The Chip manual usually lists the differences between the core and the "standard implementation" of that core, which in your case is documented in the "e200z3 Power Architecture Core Reference Manual".

 

That manual then contains a mix of details and differences between that core and the "Standard Books", like the "PEM" (Programming Environments Manual).

 

http://en.wikipedia.org/wiki/PowerPC_e200

 

"The e200 core is developed from the MPC5xx family processors, which in turn is derived from the MPC8xx core in the PowerQUICC SoC processors. e200 adheres to the Power ISA v.2.03 as well as the previous Book E specification"

 

http://en.wikipedia.org/wiki/Power_Architecture#Power_ISA_v.2.03

 

"The specification for Power ISA v.2.03[7] is based on the former PowerPC ISA v.2.02[3] in POWER5+ and the Book E[1] extension of the PowerPC specification. The Book I included five new chapters regarding auxiliary processing units like DSPs and the AltiVec extension."

 

---

 

As for "lis", that isn't a real insruction. If you look in the PEM you'll find "Appendix F - Simplified Mnemonics". You'll also find "lis" listed under "addis" as a "Simplified Mnemonic".

 

How many "simplified nmemonics" in Appendix F? Twenty four PAGES of them!

 

The native assembly is so complicated that almost all code is written using these "simplified" shortcuts, but you won't find them looking through the alphabetic list in the PEM. You have to search there and in Appendix F when reading assembly.

 

There is no "load immediate" in the instruction set. "lis" is a shortcut:

 

    lis rD,value (equivalent to addis rD,0,value)

 

That doesn't help you decodewhat the essential "@ha" and "@l" mean in the following:

 

         lis      %r29,HWMMUBASE@ha       ! point r29 to scratch         addi   %r29,%r29,HWMMUBASE@l  ! both halves.
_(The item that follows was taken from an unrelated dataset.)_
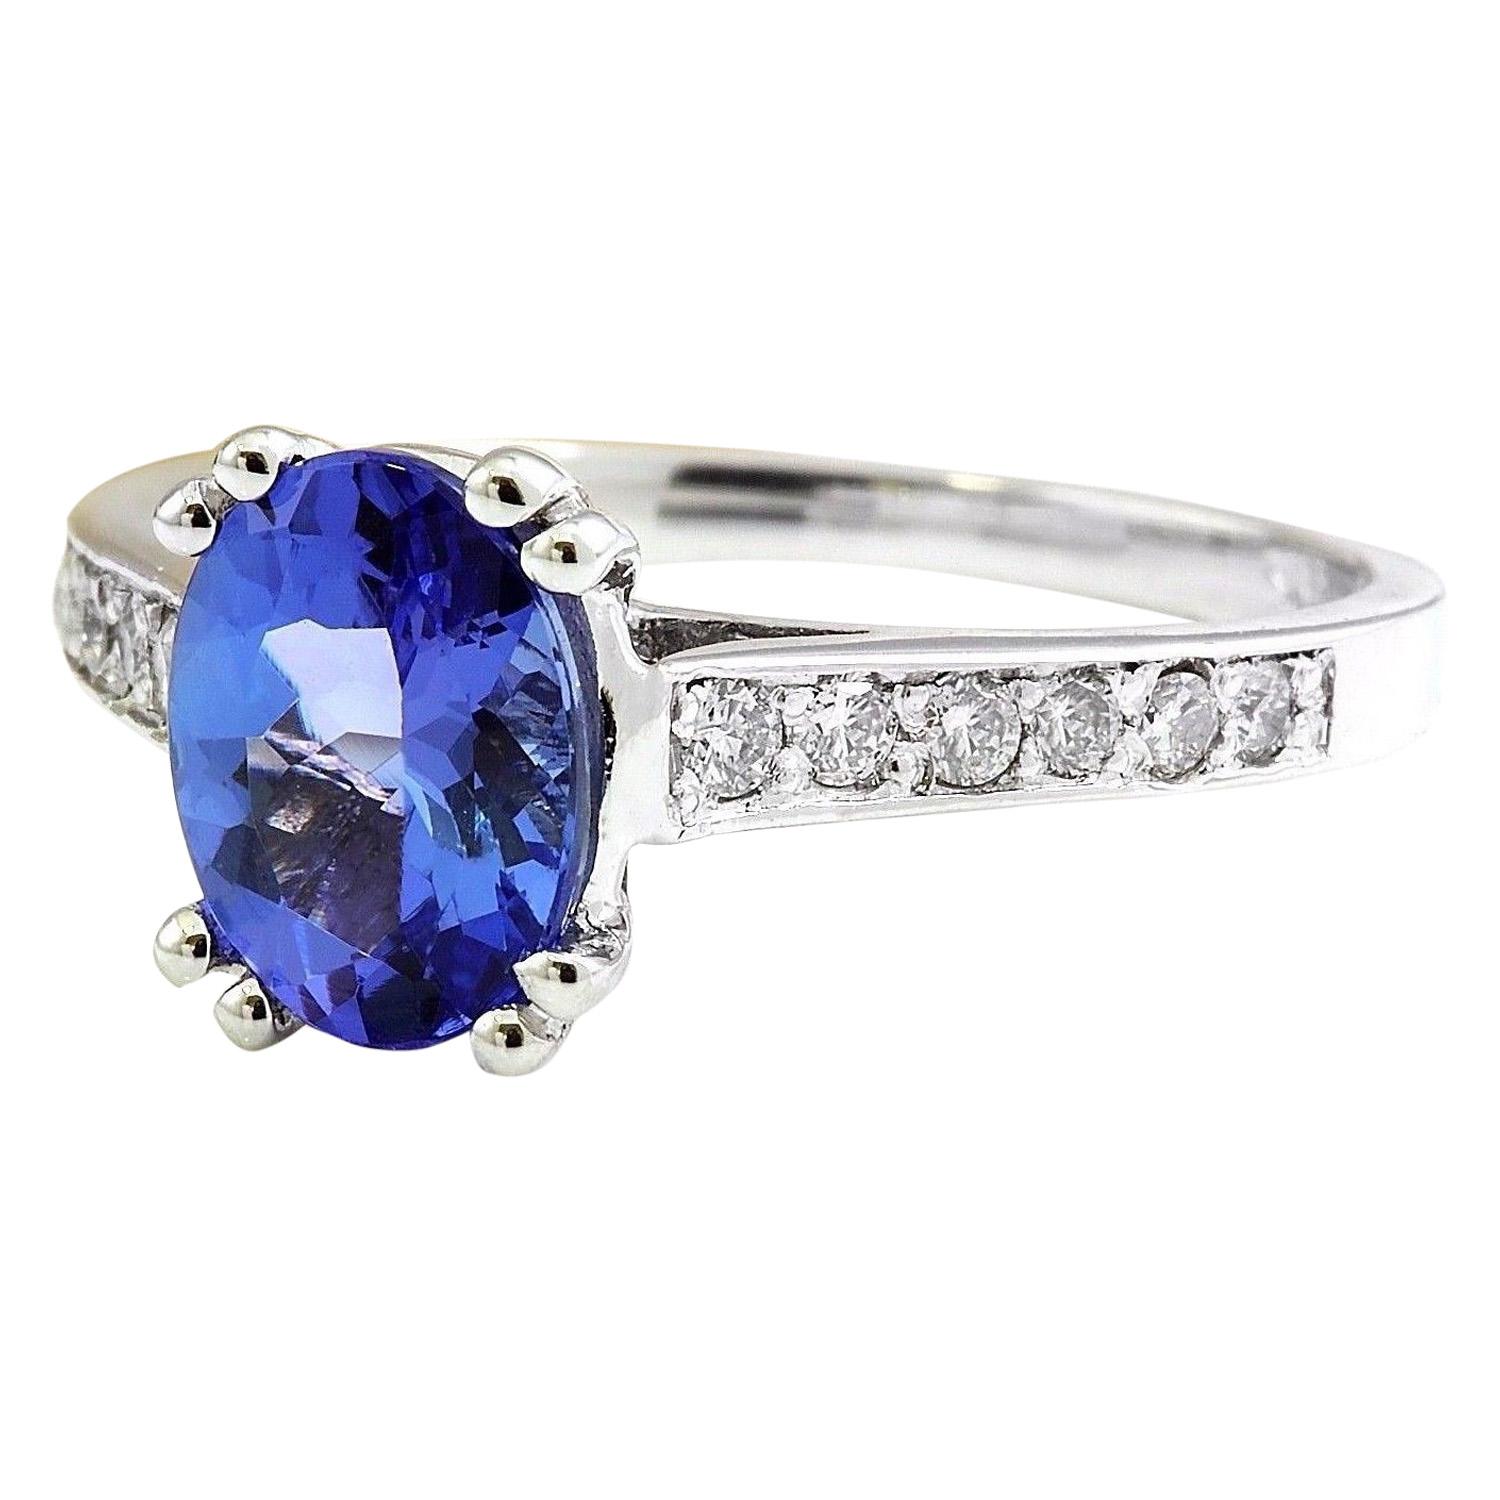 Introducing our exquisite 14 Karat White Gold Ring featuring a captivating 1.96 Carat Natural Tanzanite gemstone. Crafted with precision and elegance, this ring is adorned with a 1.78 Carat Tanzanite gemstone, measuring 8.00x6.00 mm, and accented
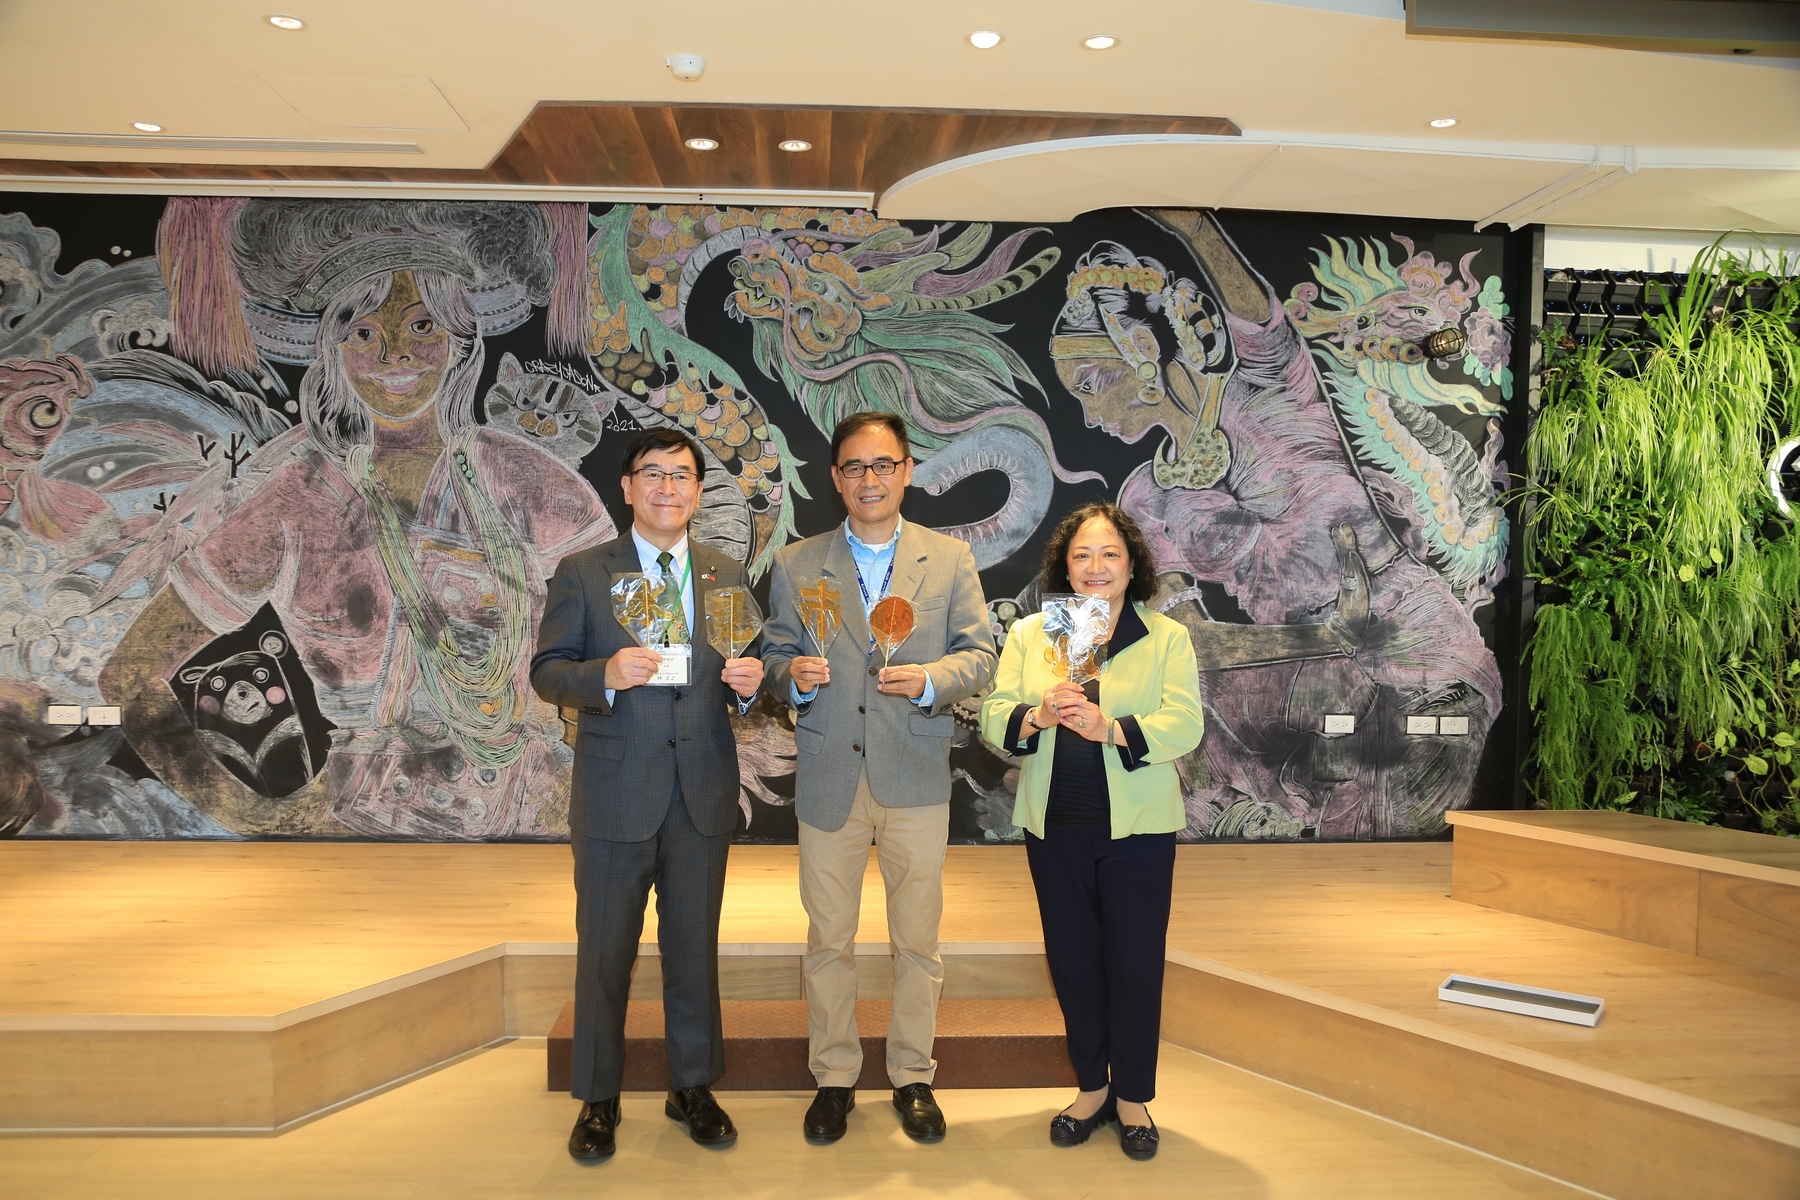 NSYSU presented "sugar painting." From the left to the right are: the mayor of Himi City Masayuki Hayashi, Dean Hong-Zen Wang, and Associate Dean Virginia Shen of NSYSU Si Wan College

I'm not really sure, but I think this is an essential compiler convention to keep you same (in this case, gcc). Since this CPU lacks a 32-bit load, all constants have to be loaded 16 bits at a time. Since there's no 16 bit load, they have to be added with the CPU convention that using GPR0 in an instruction loads a real zero instead (another complication). Since there's no UNSIGNED add either, trying to load the constant "0x00008000" as an addis of 0 and an addi of 0x8000 results in the lower 16 being sign extended and you end up with 0xffff8000, so the upper half load has to be of "1". That's what "@ha" means - "high adjust if the lower 16 bits are negative and will sign-extend on the next addi".

 

I've got all of those wrong at some time programming these chips - trying to use GPR0, sign extends and so on.

 

> Where can I find an instruction set details document for the e200z3 processor

> which shows each assembler instruction  on a single page detailing proper

> usage such as in MPCFPE32B/AD REV 2, chapter 8?

 

So you have the FPE, good. I don't think the document you want exists. The "philosophy" of the Power series is to spread the documentation across multiple books.

 

You shouldn't have any problems with "Book E" and basic assembly. There are some extensions (like VLE) that your vendor may be saying they don't support.

 

> Are there downloadable assembler example code file

 

Linux sources? Google for "rlwimi" and/or "eieio".